Sempre pendi mais pro lado feminista, sempre acreditei no poder da mulher. Eu fui a adolescente que questionava, que se indignava, que respondia cantadas na rua com uma educação nem sempre compatível à que recebi da minha mãe, é que quando a gente é desrespeitada, algumas coisas ficam de lado nas nossas reações impulsivas. Eu fui criada com minha mãe repetindo, como um mantra, que eu deveria me tornar uma mulher independente – e forte. No entanto, todo esse discurso não fez com que eu me sentisse violentada, desrespeitada e abusada durante a vida toda, até mesmo porque todo esse desrespeito que sofremos se encontra mascarado no nosso cotidiano e a gente precisa parar e olhar pra si pra conseguir enxergar que o que achamos ser normal, na verdade, de normal não tem nada.

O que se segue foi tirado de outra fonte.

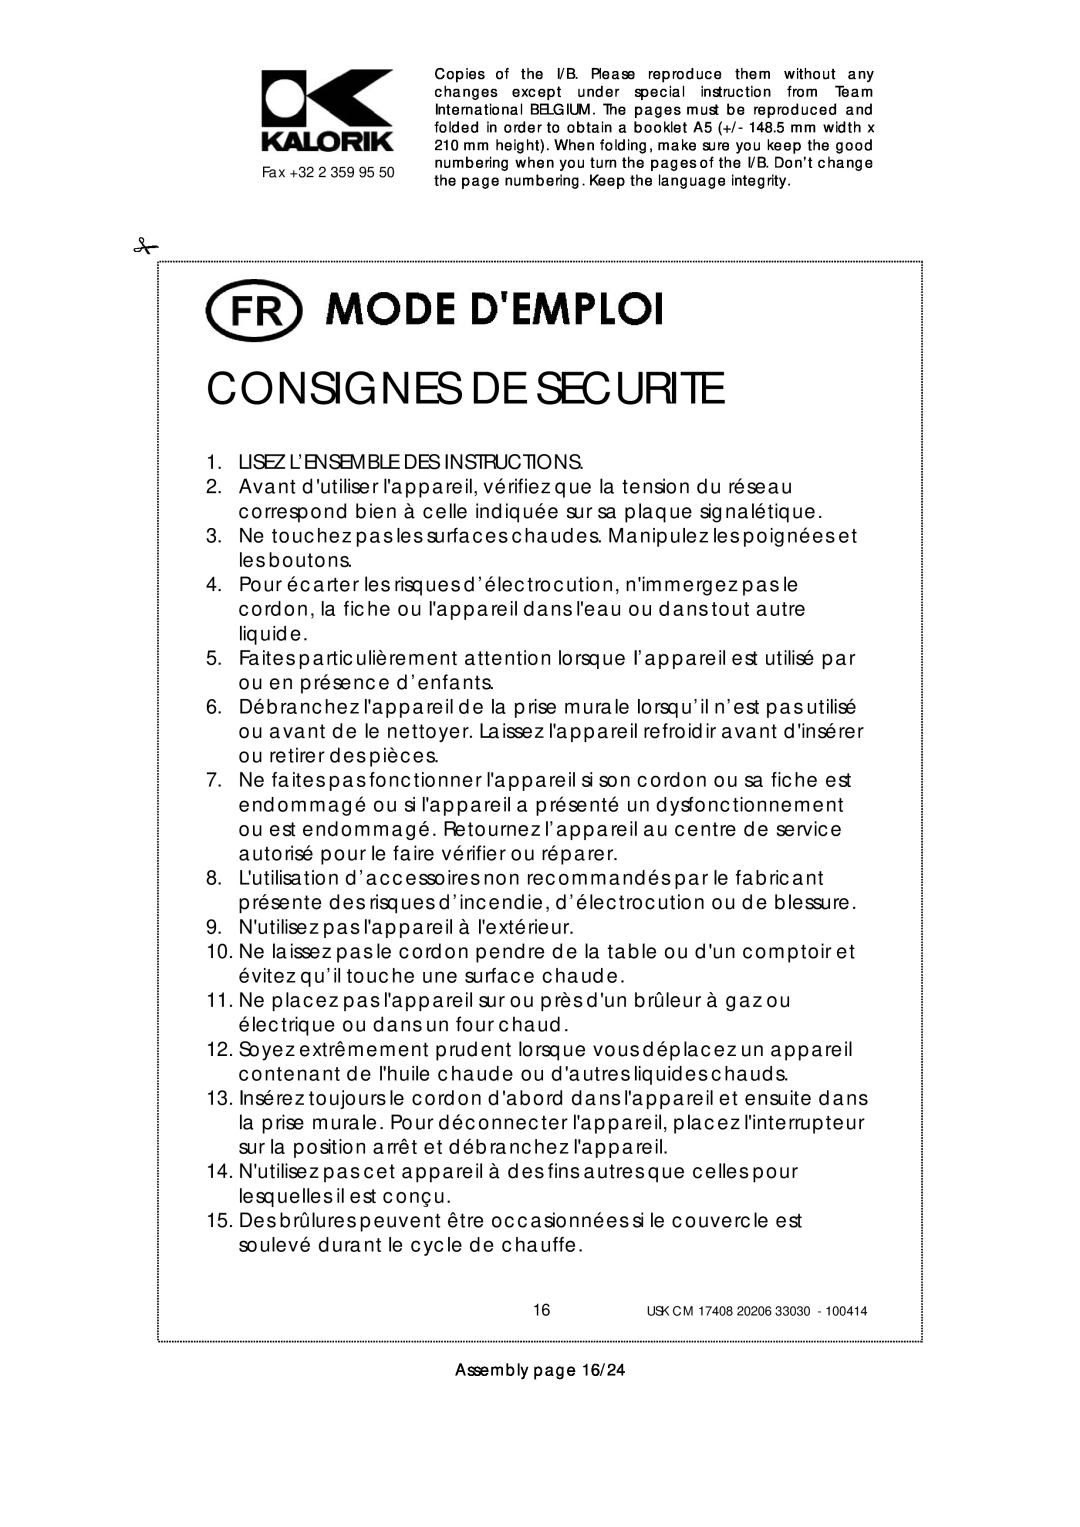 Kalorik USK CM 17408, USK CM 33030, USK CM 20206 manual Consignes De Securite, Lisez L’Ensemble Des Instructions

Sofri abuso quando vivenciei homens agredindo mulheres fisicamente, abusando da força. Sofri abuso em todas as vezes que as pessoas próximas a mim me pediram pra não colocar mais o dedo na cara daquele homem na rua que me desrespeitava (tive o prazer de fazer isso algumas várias vezes). Abuso também sofri quando senti uma mão sendo passada em mim sem meu consentimento no metrô. Sofri abuso todas as vezes que fiquei escondidinha no canto da balada pra fugir de homens bêbados passando dos limites. Me senti abusada todas as vezes que minhas amigas ficaram envergonhadas por eu responder aquele cara que falava “gracinhas” ao passar de carro por nós na rua, mesmo eu sabendo que minha resposta não passava de um grito de uma mulher cansada com a falta de respeito diária. Sofro abuso ao sentir medo de andar sozinha à noite, ao me intimidar ao entrar num taxi com um motorista homem. Sofro abuso quando sinto que preciso cruzar a rua pra evitar ouvir os comentários maliciosos do grupo de homens que vejo na calçada. Sofro abuso quando subo o volume dos fones de ouvido pra não ouvir nada do que falam pra mim. É abuso quando preciso amarrar alguma coisa na cintura pra não deixar minha bunda à mostra quando uso legging. É abusivo a desproporcionalidade salarial que existe entre homem e mulher. É abuso quando vejo a discriminação em relação às tarefas domésticas, quem disse que é só coisa de mulher? Cada uma dessas coisas, cada um desses desrespeitos quase diários deixam marcas eternas em nós. Eu, sinceramente, não consigo entender a maldade doente que existe nos homens que sentem prazer em nos deixar mal, seja com uma palavra, um gesto ou por deixar claro que está nos enxergando como um pedaço de bife.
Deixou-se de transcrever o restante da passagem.